SUPPLIED RECORDS:

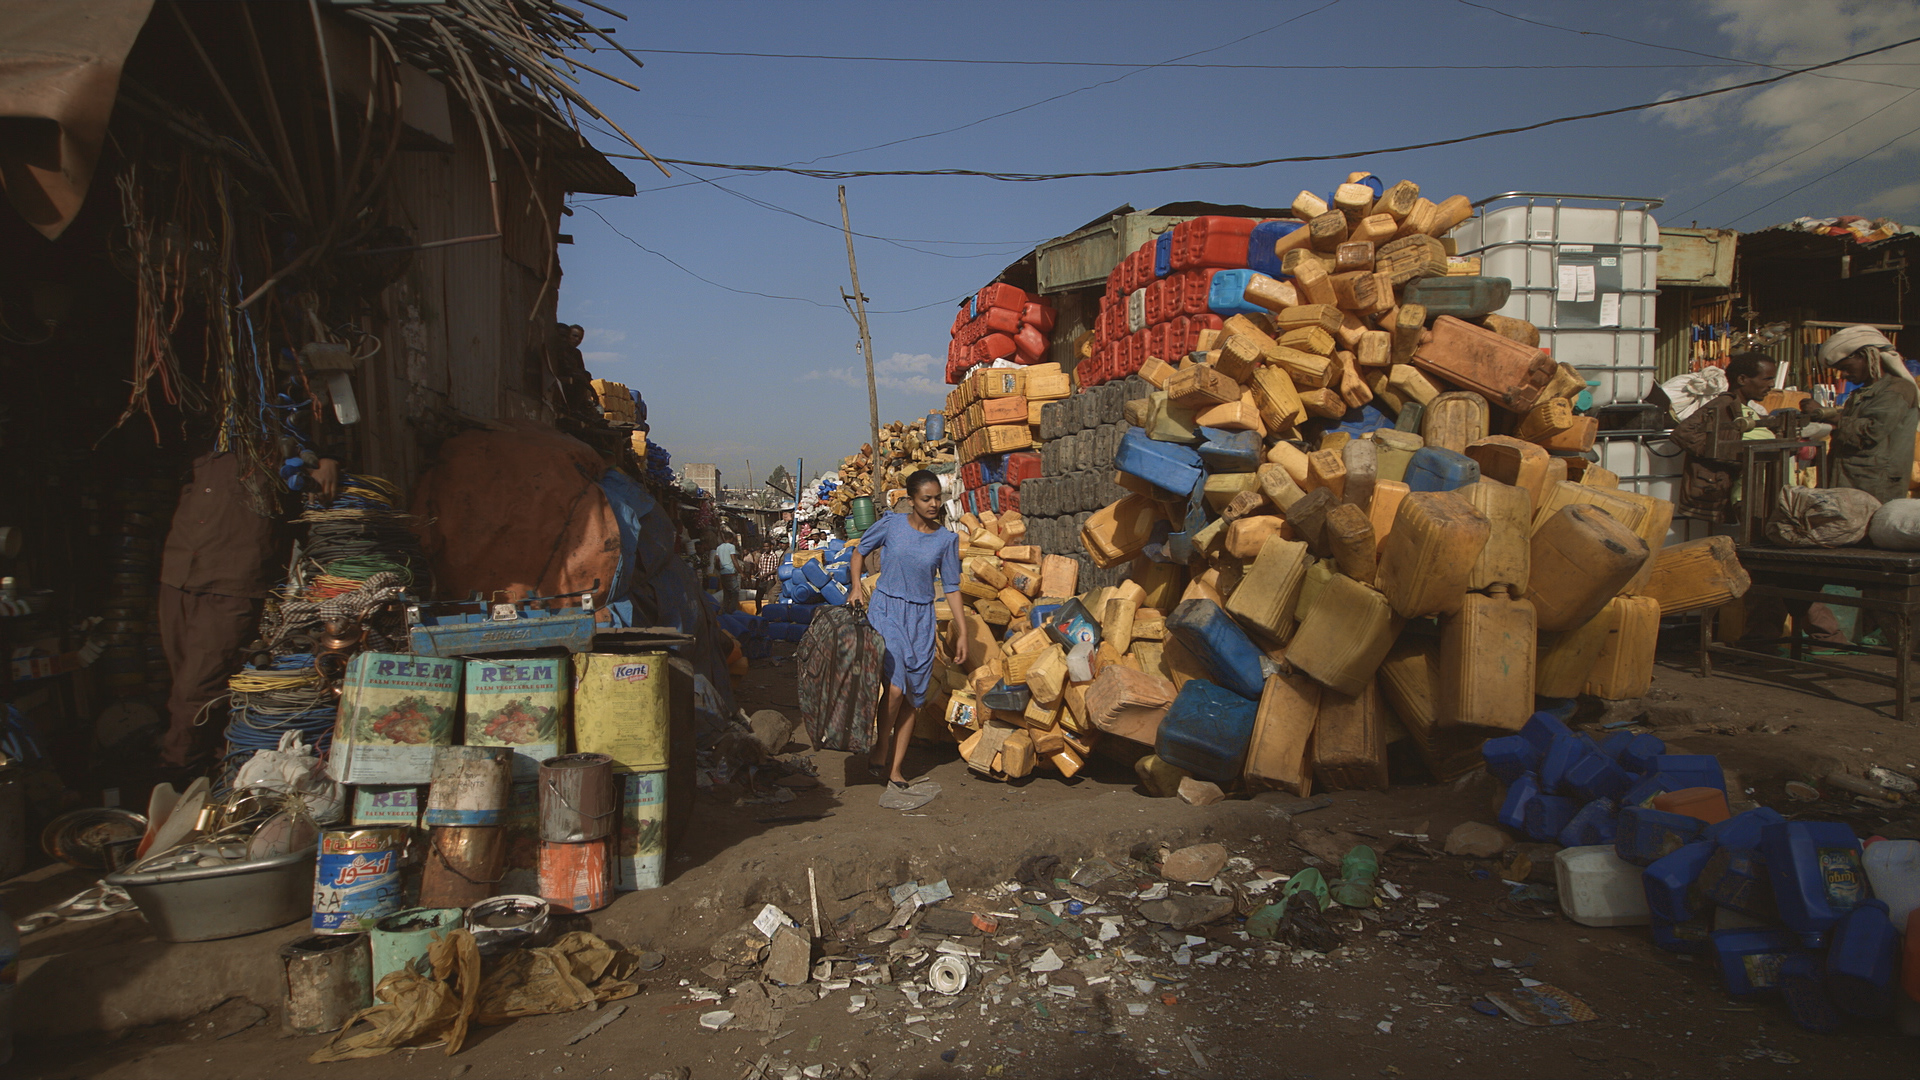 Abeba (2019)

--

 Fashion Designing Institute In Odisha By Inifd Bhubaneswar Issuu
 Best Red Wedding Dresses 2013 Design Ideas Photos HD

TASK TO CARRY OUT: Using the data above, repeat exactly the lines that begin at the line with "Fashion Designing Institute" and end at the line with "Best Red Wedding", both ends included.

RESPONSE TO THE EXERCISE:
 Fashion Designing Institute In Odisha By Inifd Bhubaneswar Issuu
 Best Red Wedding Dresses 2013 Design Ideas Photos HD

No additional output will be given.